Тот же инстинкт проявился в поведении Конгресса по отношению к другим вопросам законодательства. Под нажимом Исполнительной власти были приняты акты, разрешающие или одобряющие захват Восточной и Западной Флориды, принятие Луизианы в качестве штата и возобновление закона о неинтеркоurses против Англии; и эта череда мер казалась значительному меньшинству внутренним переворотом, предваряющим иностранную войну. Естественно, федералисты и независимые республиканцы ожидали принятия мер, которые позволили бы встретить или избежать навлеченных таким образом опасностей. Федералисты разделяли немалую долю свойственного англичанам уважения ко всему установленному, и им нужно было лишь убедиться в силе Союза, чтобы подчиниться любому требуемому им послушанию; однако они недоумевали, как Мэдисон со своим слабым Кабинетом и Эппес со своим еще менее сообразительным большинством собираются создать и пустить в ход оружие, которое должно было изгнать Старую Англию с океана и удержать Новую Англию на суше. Они не могли поверить, что правительство бросится сломя голову из окна только для того, чтобы заставить народ спасти его от сворачивания шеи.
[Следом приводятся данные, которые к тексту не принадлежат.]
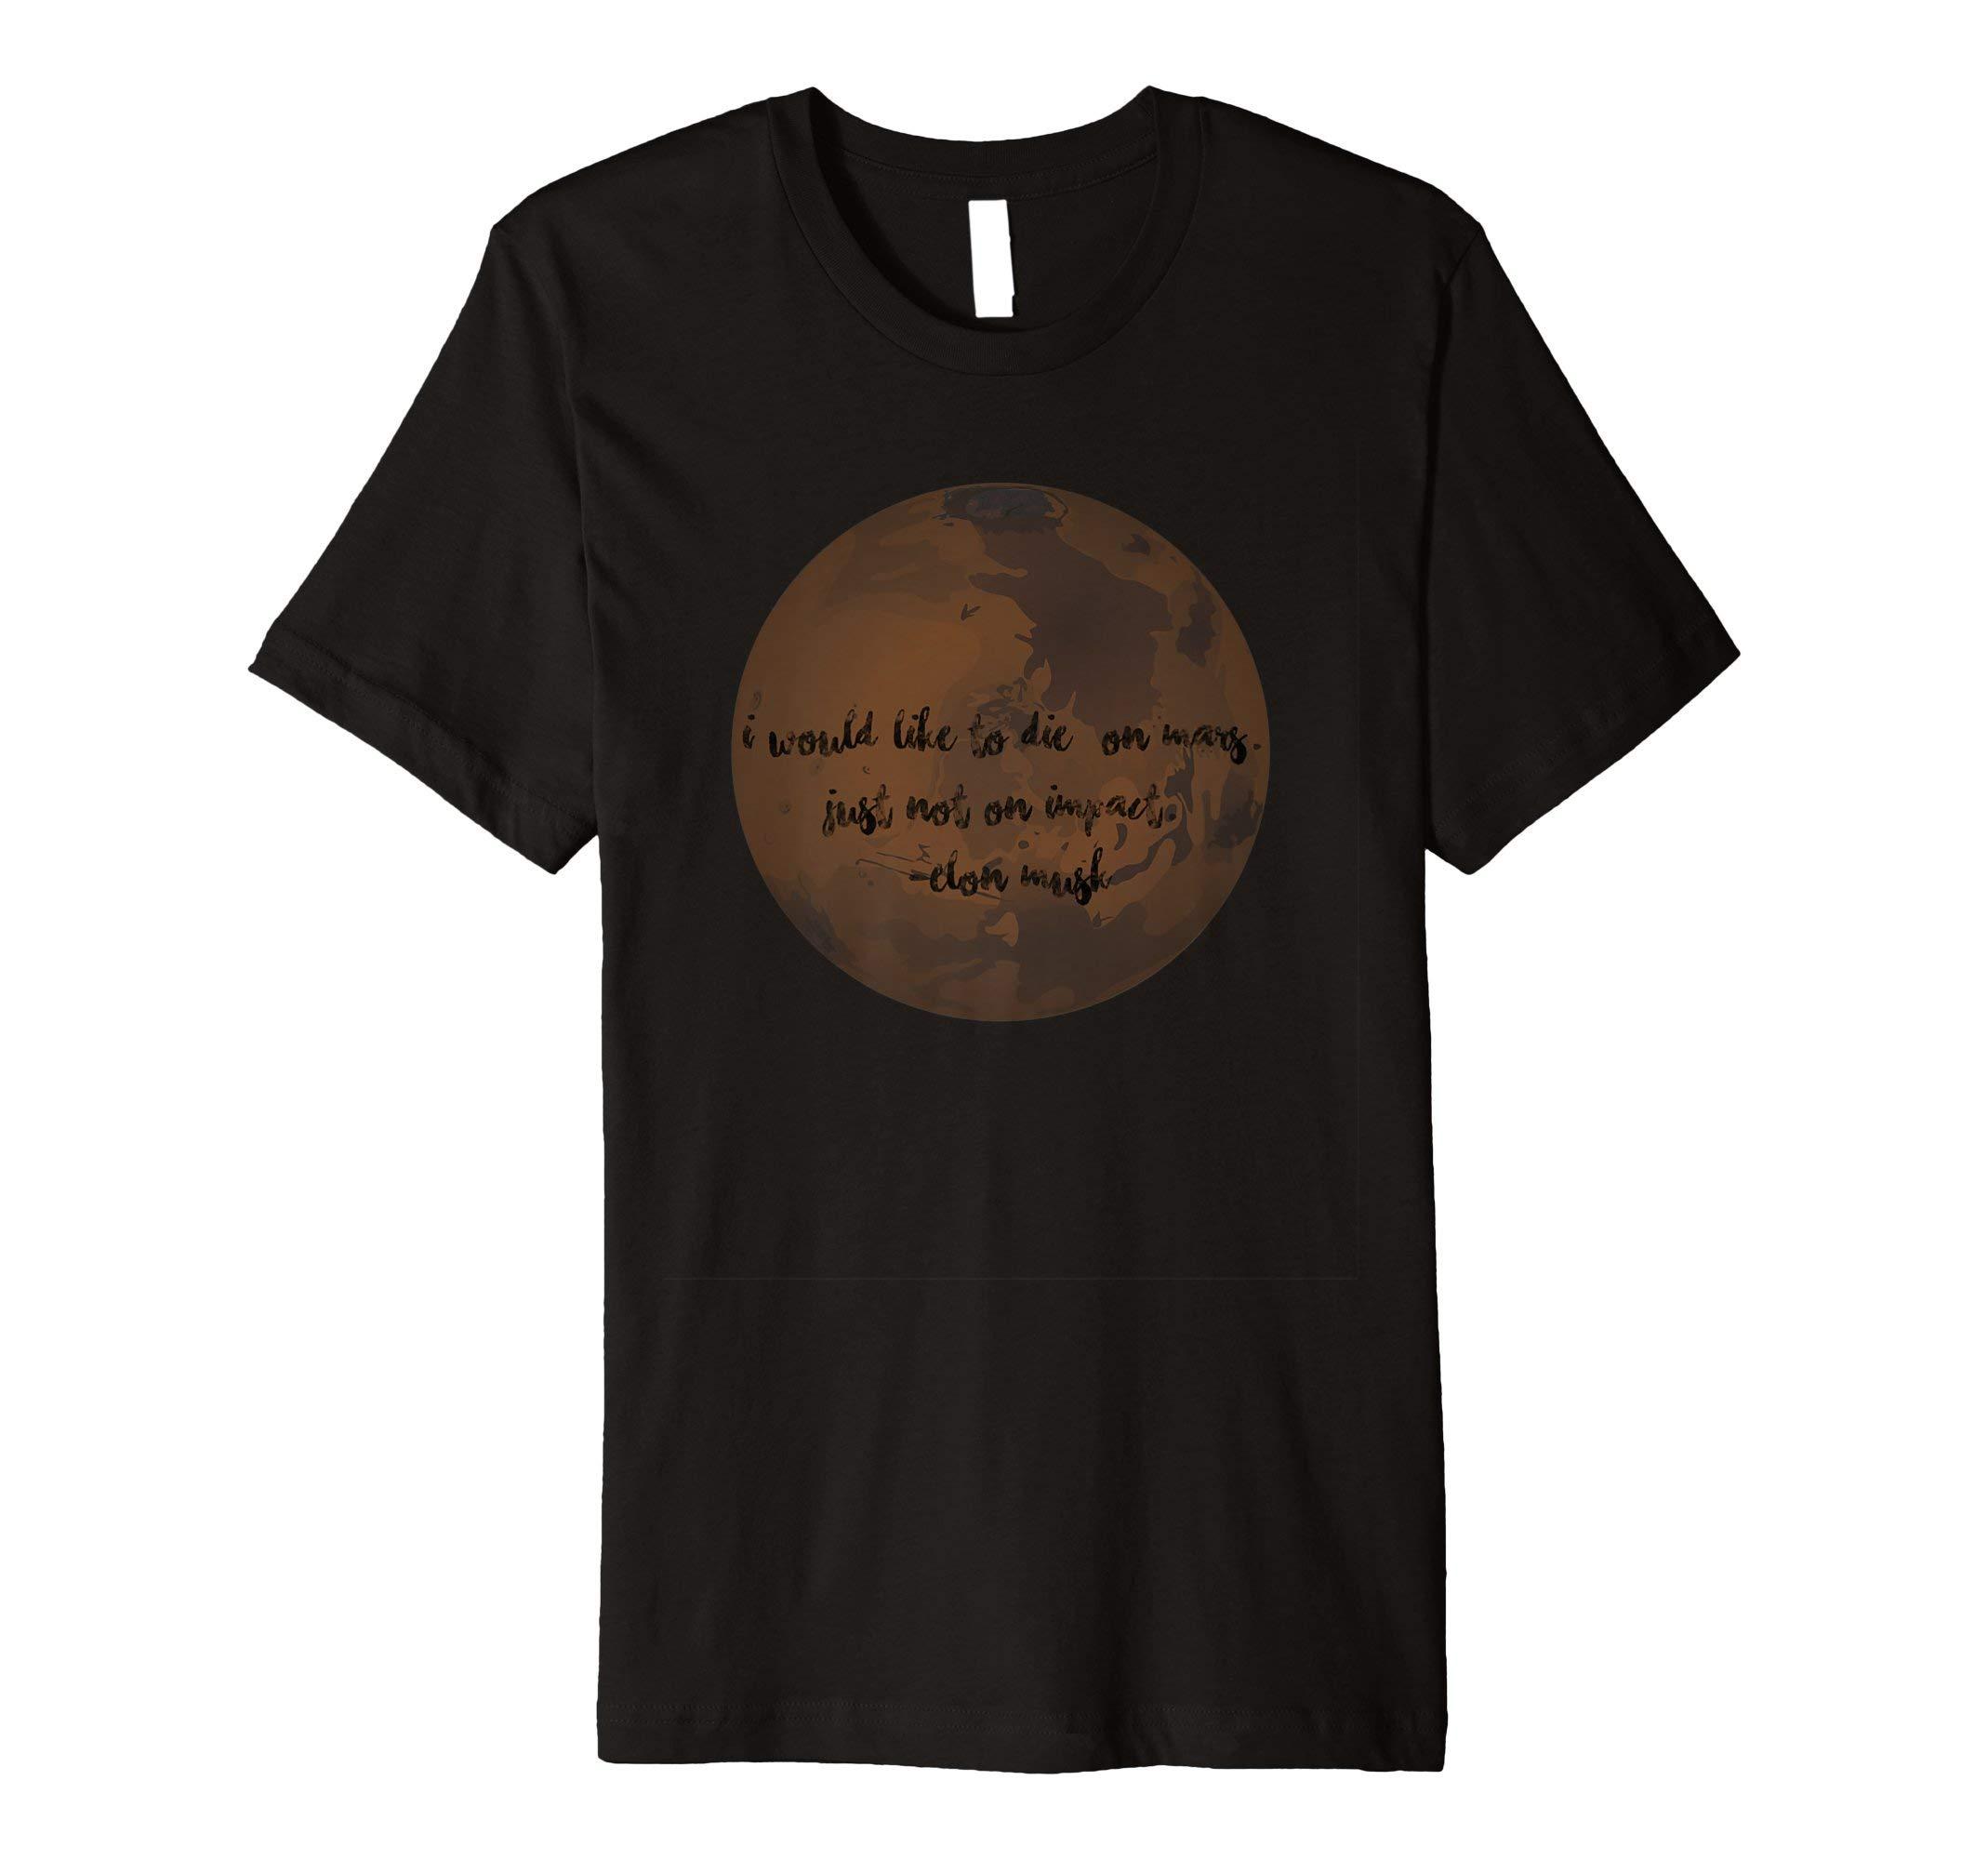 Lace Label Mars T-Shirt, Space Travel Shirt, Space Shirt

Далеко не цепляясь за оружие, Конгресс и Исполнительная власть, казалось, были полны решимости лишь выбросить имевшееся у них оружие. Банк погиб почти одновременно с возобновлением закона о неинтеркоurses против Англии. Упразднив Банк, Конгресс выбросил крупную сумму денег, которую Галлатин надеялся использовать для своих текущих нужд и возможной войны. Запретив ввоз английских товаров, Конгресс дополнительно сократил наполовину годовой доход. Галлатин предвидел опасность для Казначейства задолго до того, как она осозналась, и 28 января написал письмо Эппесу, советуя общее повышение пошлин на те импортные товары, которые могли быть разрешены законом. 6 февраля Эппес доложил от Комитета путей и средств соответствующий законопроект, но Палата не предприняла по нему никаких действий. Конгресс не соглашался ни на какие новые налоги; и поскольку нельзя было допустить провала обязательств Казначейства, Палата санкционировала заем в пять миллионов долларов.

Подобные финансовые ухищрения были направлены на какой угодно результат, только не на проведение решительной политики, и остальное зимнее законодательство подтверждало убеждение в том, что в мыслях Правительства нет никакой решимости. Десятый Конгресс увеличил численность вооруженных сил, так что в 1808 году ассигнования превысили 4 700 000 долларов. Одиннадцатый Конгресс сократил их в 1809–1810 годах примерно до 3 100 000 долларов; в 1811 году Конгресс ассигновал едва ли 3 000 000 долларов. Военно-морские ассигнования в 1809 году достигли почти 3 000 000 долларов; в 1810 году они были сокращены примерно до 1 600 000 долларов; в 1811 году Конгресс ассигновал 1 870 000 долларов. Даже в эпоху глубокого мира, когда ни одна мысль о войне не тревожила мир, такие вооружения едва ли были бы достаточны для целей поддержания порядка на побережьях и в территориях.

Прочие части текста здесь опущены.